C&R Tree, CHAID, QUEST, and C5.0 decision tree model nuggets

Decision tree model nuggets represent the tree structures for predicting a particular output field discovered by one of the decision tree modeling nodes (C&R Tree, CHAID, QUEST or C5.0). Tree models can be generated directly from the tree-building node, or indirectly from the interactive tree builder. See the topic The Interactive Tree Builder for more information.

In the model nugget, different options are available depending on the objective specified on the modeling node:

Scoring Tree Models

When you run a stream containing a tree model nugget, the specific result depends on the type of tree.

  • For classification trees (categorical target), two new fields, containing the predicted value and the confidence for each record, are added to the data. The prediction is based on the most frequent category for the terminal node to which the record is assigned; if a majority of respondents in a given node is yes, the prediction for all records assigned to that node is yes.
  • For regression trees, only predicted values are generated; confidences are not assigned.
  • Optionally, for CHAID, QUEST, and C&R Tree models, an additional field can be added that indicates the ID for the node to which each record is assigned.

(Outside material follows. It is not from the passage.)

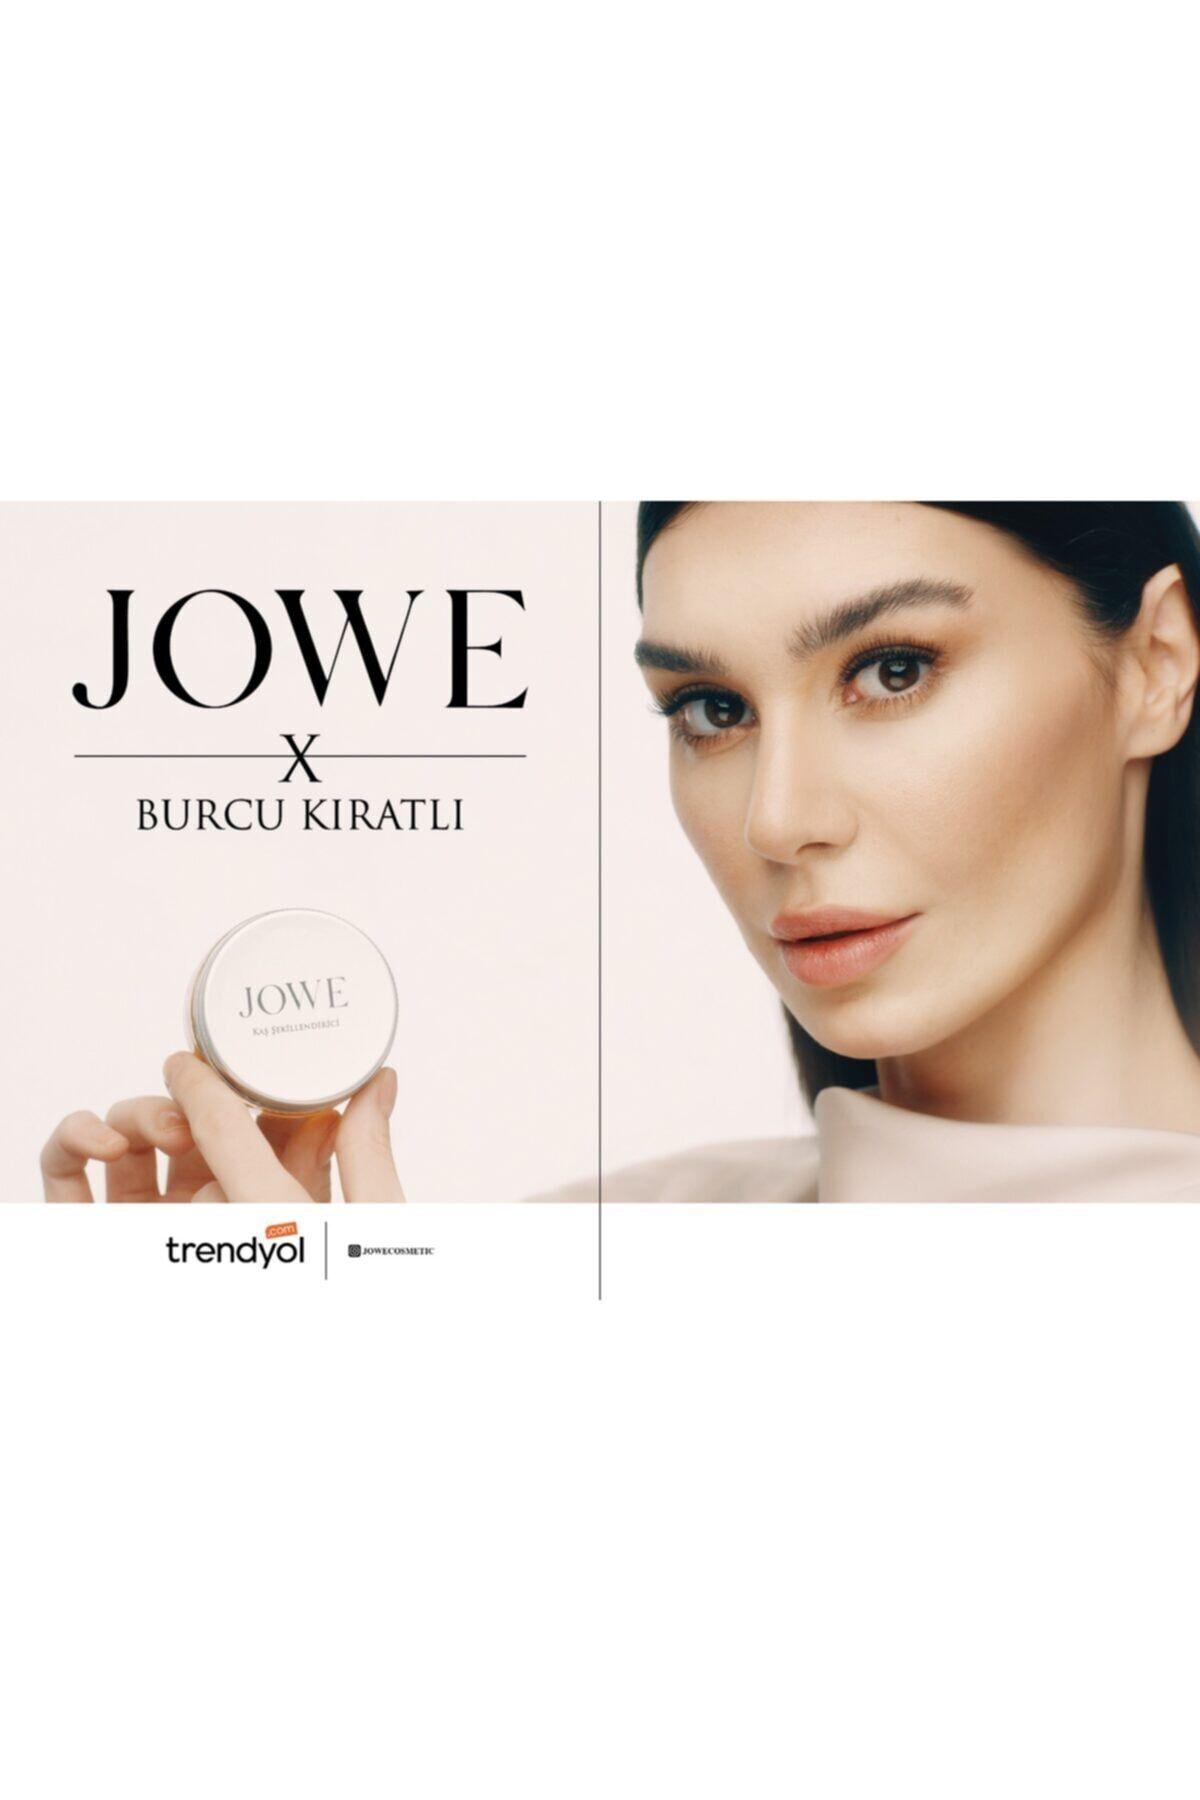 AliExpress Jowe – cire modelante pour les sourcils, kératine, biotine, vitamine E, tenue permanente, efficace

The new field names are derived from the model name by adding prefixes. For C&R Tree, CHAID, and QUEST, the prefixes are $R- for the prediction field, $RC- for the confidence field, and $RI- for the node identifier field. For C5.0 trees, the prefixes are $C- for the prediction field and $CC- for the confidence field. If multiple tree model nodes are present, the new field names will include numbers in the prefix to distinguish them if necessary—for example, $R1- and $RC1-, and $R2-.

Working with Tree Model Nuggets

You can save or export information related to the model in a number of ways.

Note: Many of these options are also available from the tree builder window.

From either the tree builder or a tree model nugget, you can:

  • Generate a Filter or Select node based on the current tree. See Generating Filter and Select Nodes for more information.
  • Generate a Rule Set nugget that represents the tree structure as a set of rules defining the terminal branches of the tree. See Generating a Rule Set from a Decision Tree for more information.
  • In addition, for tree model nuggets only, you can export the model in PMML format. See The models palette for more information. If the model includes any custom splits, this information is not preserved in the exported PMML. (The split is preserved, but the fact that it is custom rather than chosen by the algorithm is not.)
  • Generate a graph based on a selected part of the current tree. Note that this only works for a nugget when it is attached to other nodes in a stream. See Generating Graphs for more information.
  • For boosted C5.0 models only, you can choose Single Decision Tree (Canvas) or Single Decision Tree (GM Palette) to create a new single rule set derived from the currently selected rule. See the topic Boosted C5.0 Models for more information.
Note: Although the Build Rule node was replaced by the C&R Tree node, decision tree nodes in existing streams that were originally created using a Build Rule node will still function properly.